I can confirm this from personal experience, aluminium nuts are a complete no go. The threads bind and in my case the whole finned end snapped off trying to get one of them out, leaving the exhaust loose with nothing to grip on to get it out.
I use standard 750 style steel ones these with no problems, just haul them up as hard as you can while the engine's hot and they don't loosen off.
 
L.A.B. said:
B+Bogus said:
Does anyone use the tabwashers?

Yes, I use them. I bend the tags so they have a slight grip on both the head and nut fins, then they do not rattle, and they seem to work well enough.
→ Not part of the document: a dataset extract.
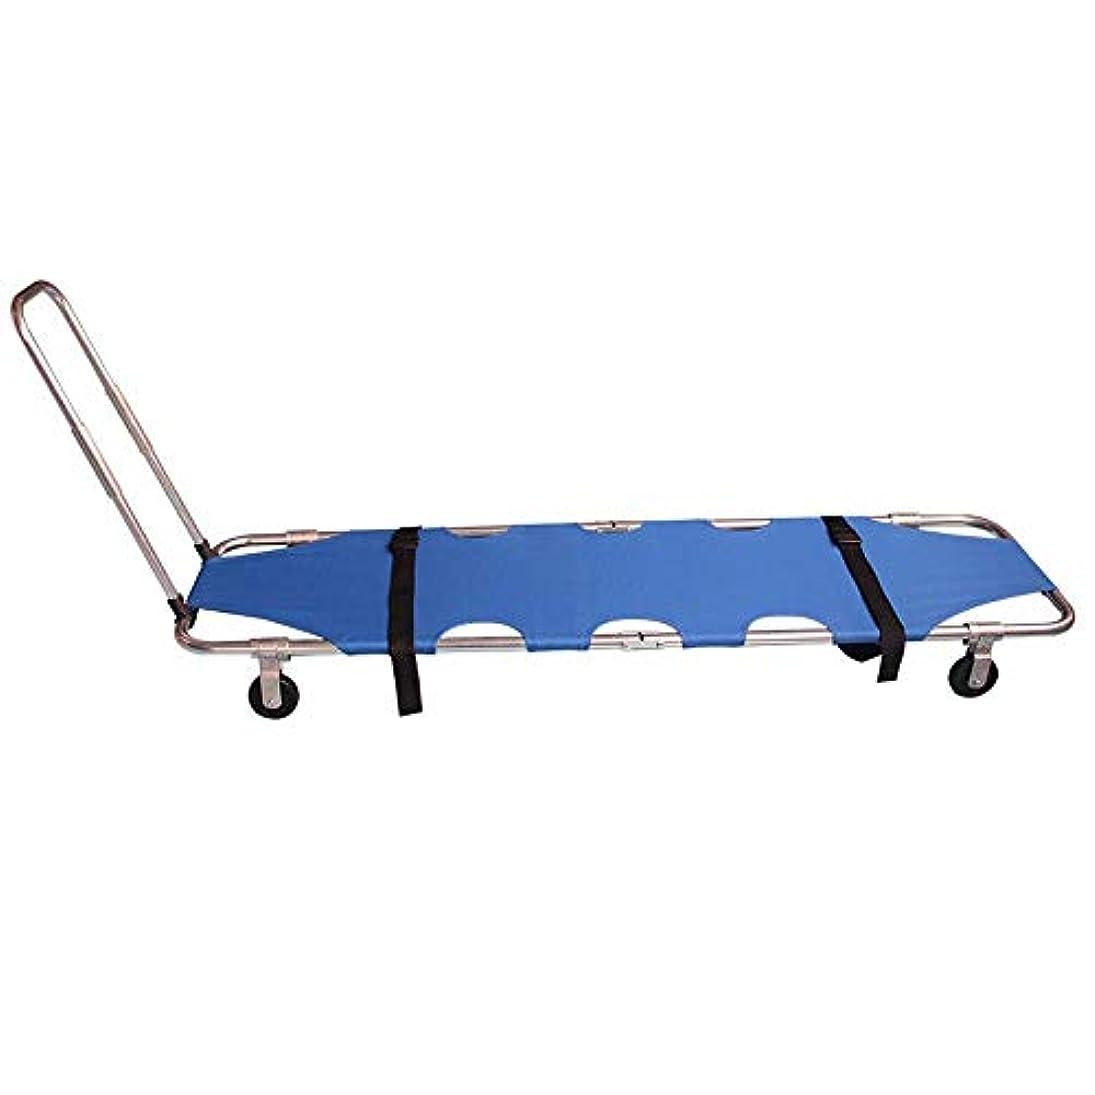 データベース終了しましたロッジ緊急救助ストレッチャー、病院、クリニック、ホームなどのための4つの車輪とシートベルトを備えたフラット折りたたみ式ポータブルストレッチャー

You would recommend the washers over safety wire (assume the head and nut were already drilled)?
 
swooshdave said:
You would recommend the washers over safety wire (assume the head and nut were already drilled)?

No...not really, as I know many owners would rather use lockwire. The tabwashers have never let me down, so I've always preferred to use them, always making sure they are set so they can't rattle about.
 
than when the locknuts come loose and you have to keep leaning down and tightening them as you go along
-----------------------------------------------
It don't do the gloves much good either!
 
Got brass on a 850 Interstate and they are fine, no probs and look nice. Got original iron chrome ones on the 850 Roadster and they are tabbed. Done right they don't come loose. But they get rusty and don't look as nice as the brass.

Mick
 
Reggie said:
I have Norvil bronze nuts on mine, but I put tabwashers on as well as a failsafe.

There's nothing more anoying :evil: than when the locknuts come loose and you have to keep leaning down and tightening them as you go along to stop them chattering and wearing the threads away. It will always happen when your miles from home, and I don't carry an 18" exhaust lockring tightener with me.

I've taken to carrying a wrench with me now. I modified it to be 2 pieces that slip together, each piece is short enough to fit in my tool bag and when combined they give the leverage needed.
 
I haven't had a problem with exhaust nuts since about 1967. I learned to cinch them up while hot then and use safety wire. on my commandos I used the later steel nuts and safety wired them after a hot tightening. I would have been tempted to do as LAB does and use the locks but I had safety wire already.
 
I use a 750 (no crossover) system and nuts (deeper/more threads) on my 850, torque to 70 lbs-ft, then retorque after the first few rides. Check 'em once in a while thereafter but they've never loosened. FWIW/YMMV.